Climate change and its impacts already pose considerable challenges for societies that will further increase with global warming (IPCC, 2014a, b). Uncertainties of the climatic response to greenhouse gas emissions include the potential passing of large-scale tipping points (e.g. Lenton et al., 2008; Levermann et al., 2012; Schellnhuber, 2010) and changes in extreme meteorological events (Field et al., 2012) with complex impacts on societies (Hallegatte et al., 2013). Thus climate change mitigation is considered a necessary societal response for avoiding uncontrollable impacts (Conference of the Parties, 2010). On the other hand, large-scale climate change mitigation itself implies fundamental changes in, for example, the global energy system. The associated challenges come on top of others that derive from equally important ethical imperatives like the fulfilment of increasing food demand that may draw on the same resources. For example, ensuring food security for a growing population may require an expansion of cropland, thereby reducing natural carbon sinks or the area available for bio-energy production. So far, available studies addressing this problem have relied on individual impact models, ignoring uncertainty in crop model and biome model projections. Here, we propose a probabilistic decision framework that allows for an evaluation of agricultural management and mitigation options in a multi-impact-model setting. Based on simulations generated within the Inter-Sectoral Impact Model Intercomparison Project (ISI-MIP), we outline how cross-sectorally consistent multi-model impact simulations could be used to generate the information required for robust decision making.
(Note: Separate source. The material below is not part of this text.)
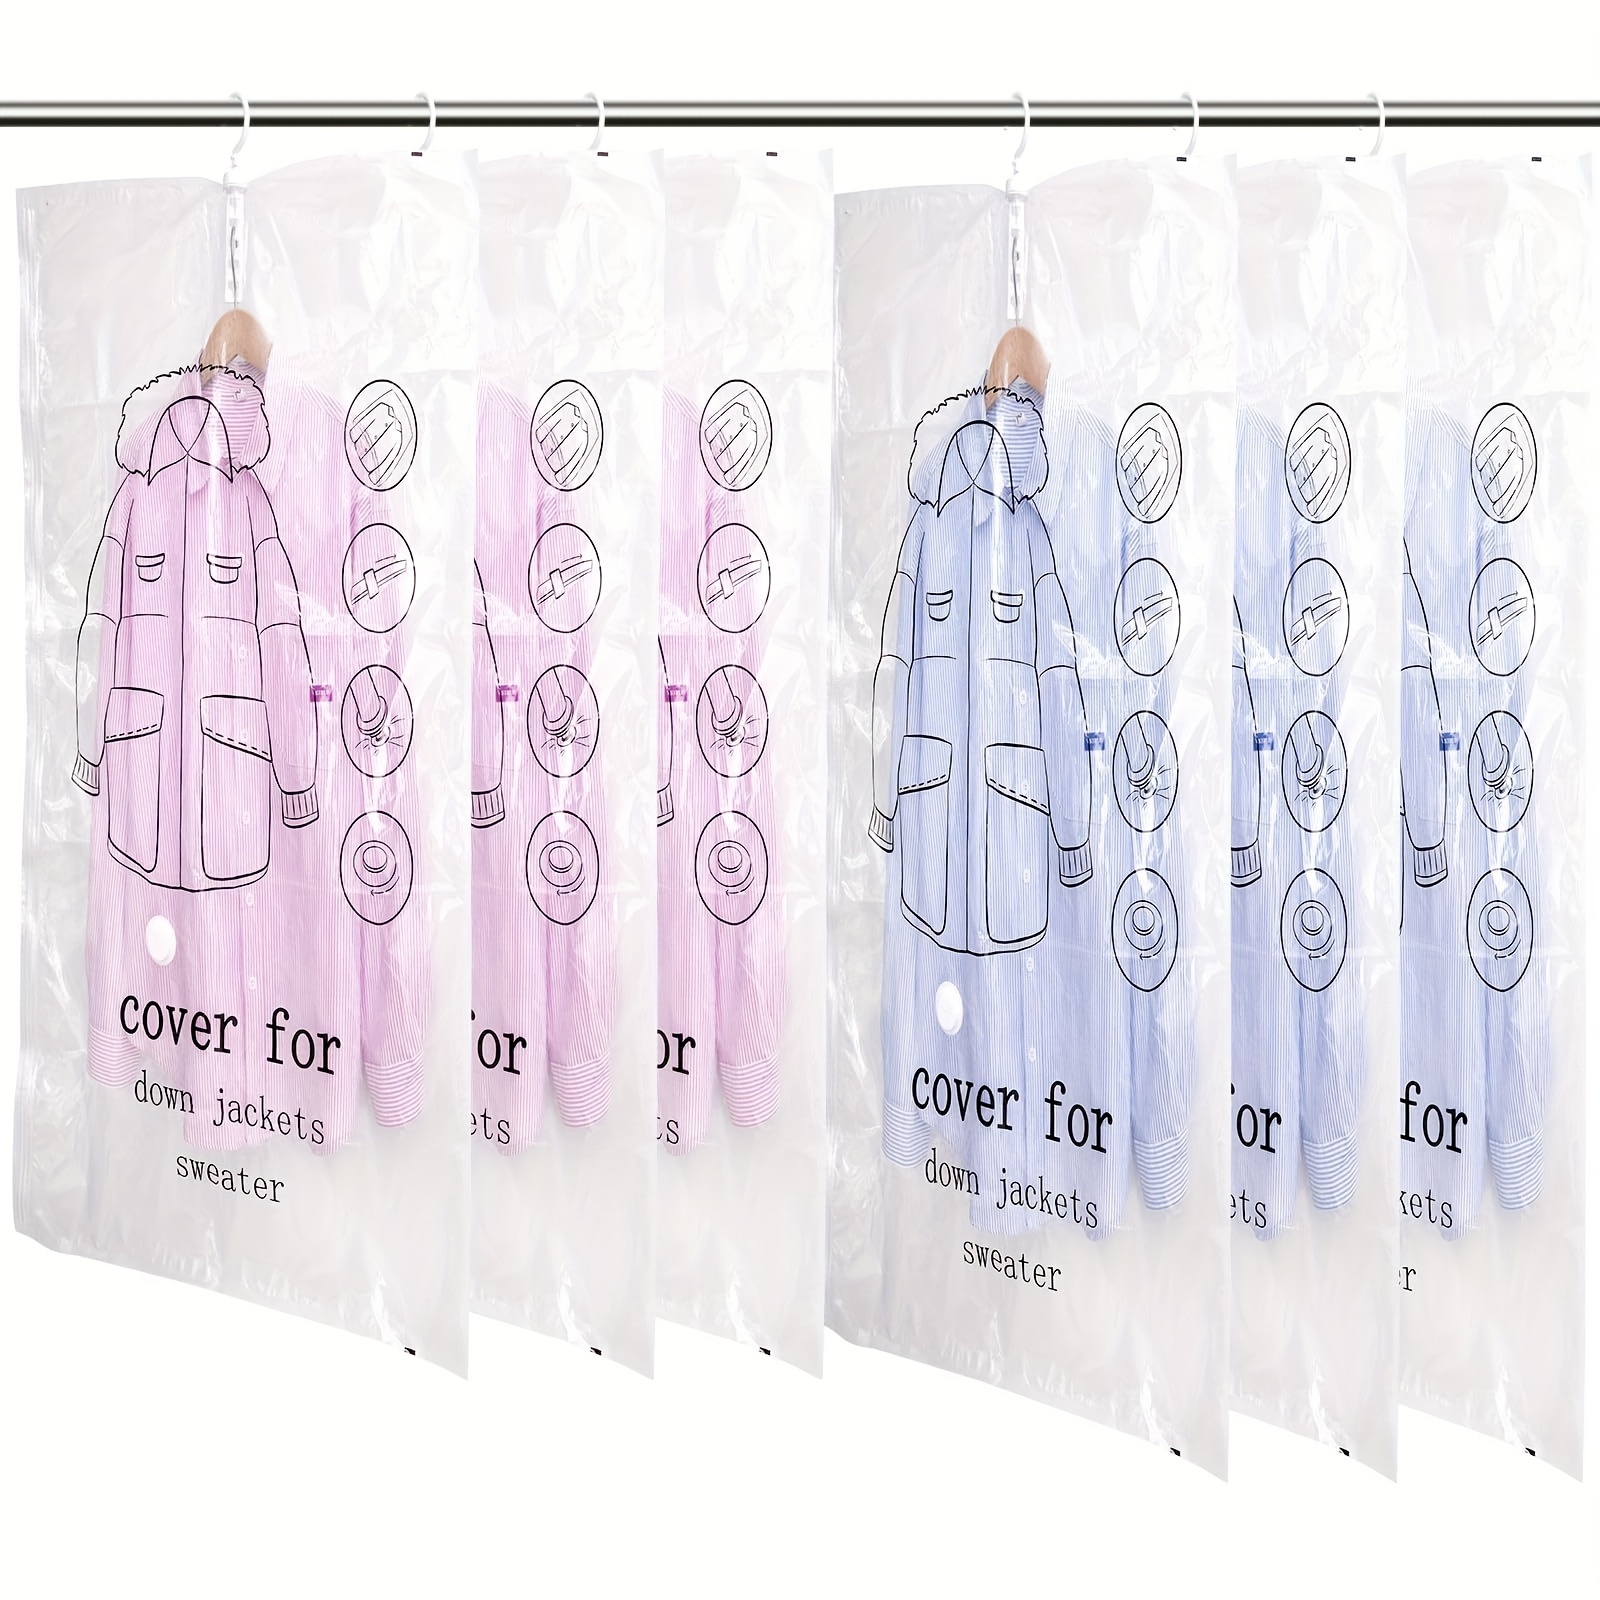 

1pc Vacuum Compression Hanging Storage Bag, Dustproof Sealed Storage Container For Clothes, Shirts, Household Space Saving Organizer For Dorm, Closet, Wardrobe, Bedroom, Bathroom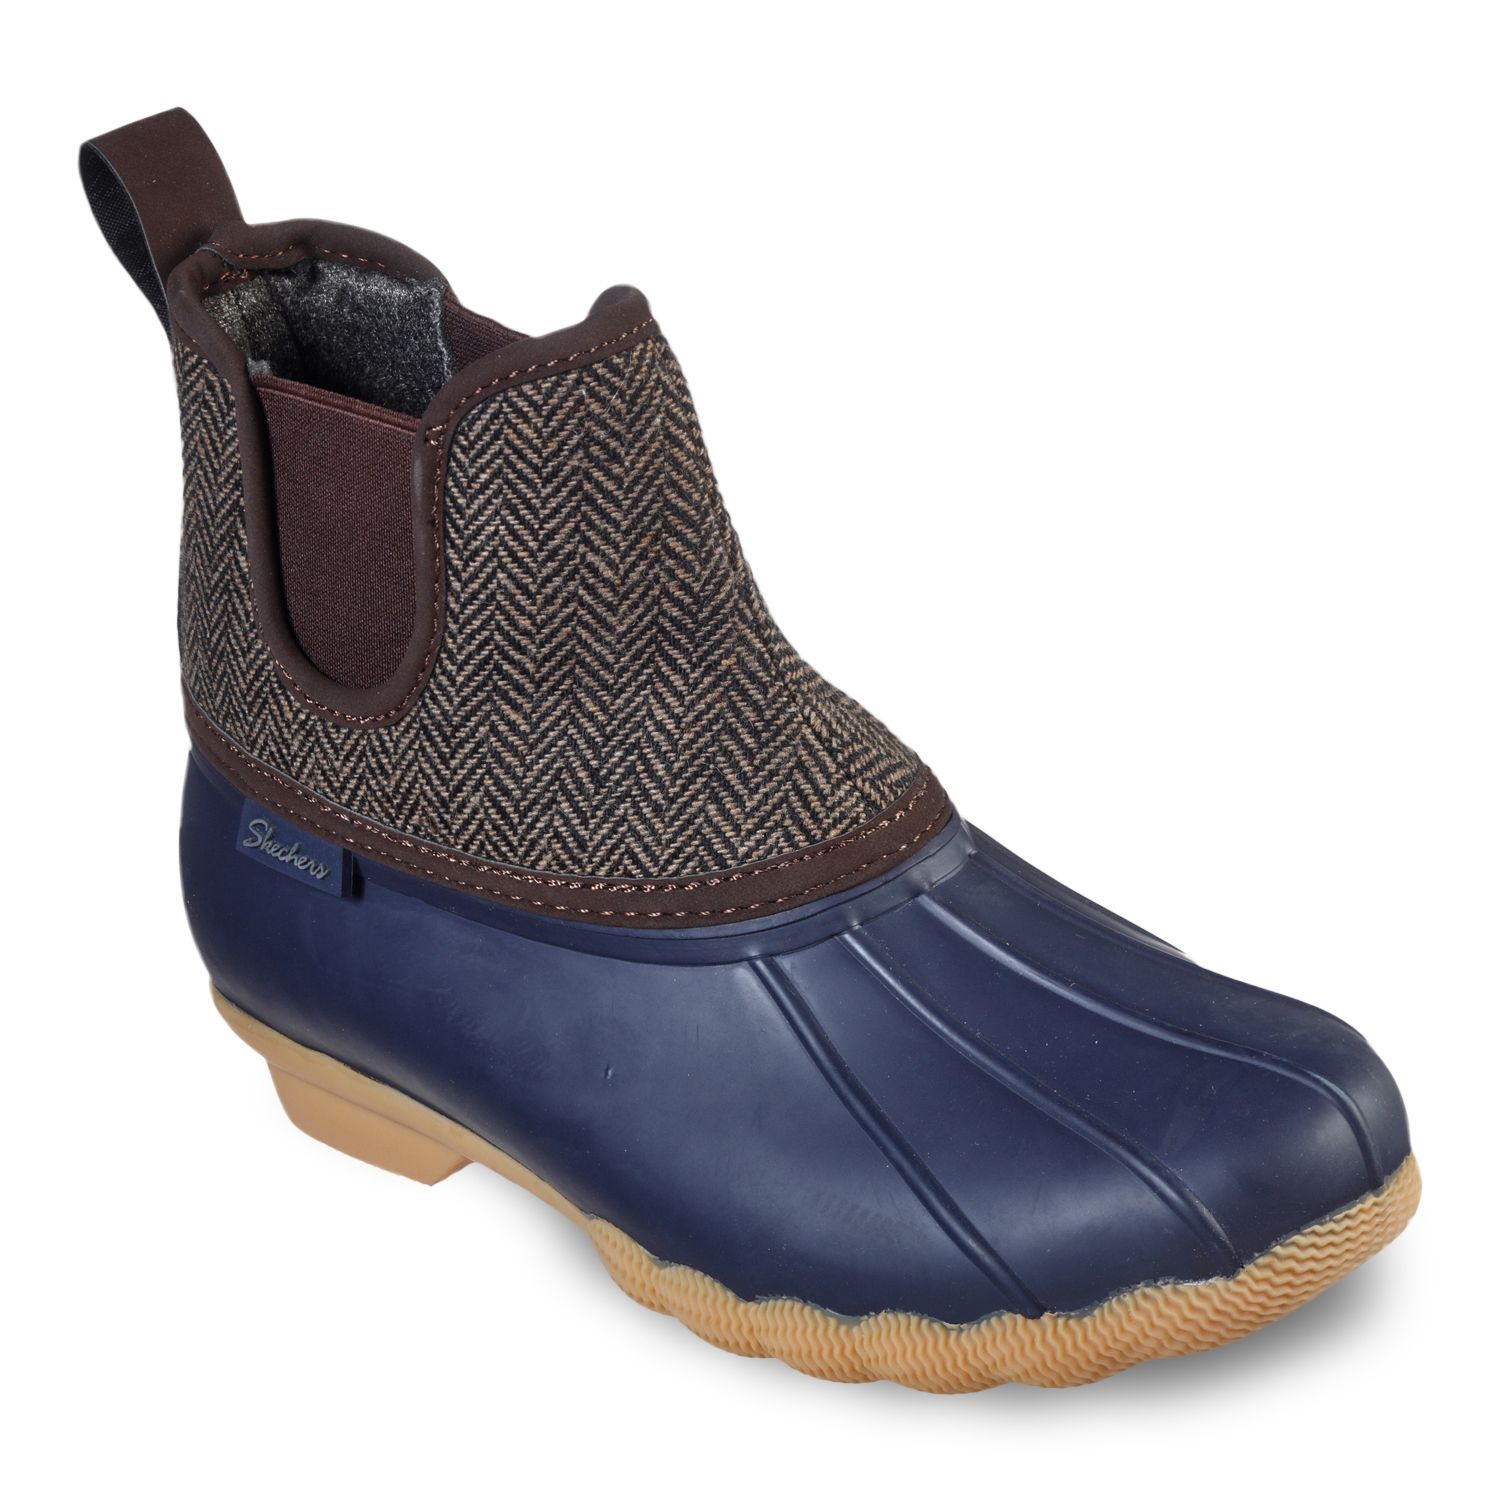 Pond Staying Dry Women's Duck Boots

Using an illustrative future land use pattern, we discuss the trade-off between potential gains in crop production and associated losses in natural carbon sinks in the new multiple crop-and biome-model setting. In addition, crop and water model simulations are combined to explore irrigation increases as one possible measure of agricultural intensification that could limit the expansion of cropland required in response to climate change and growing food demand. This example shows that current impact model uncertainties pose an important challenge to long-term mitigation planning and must not be ignored in long-term strategic decision making.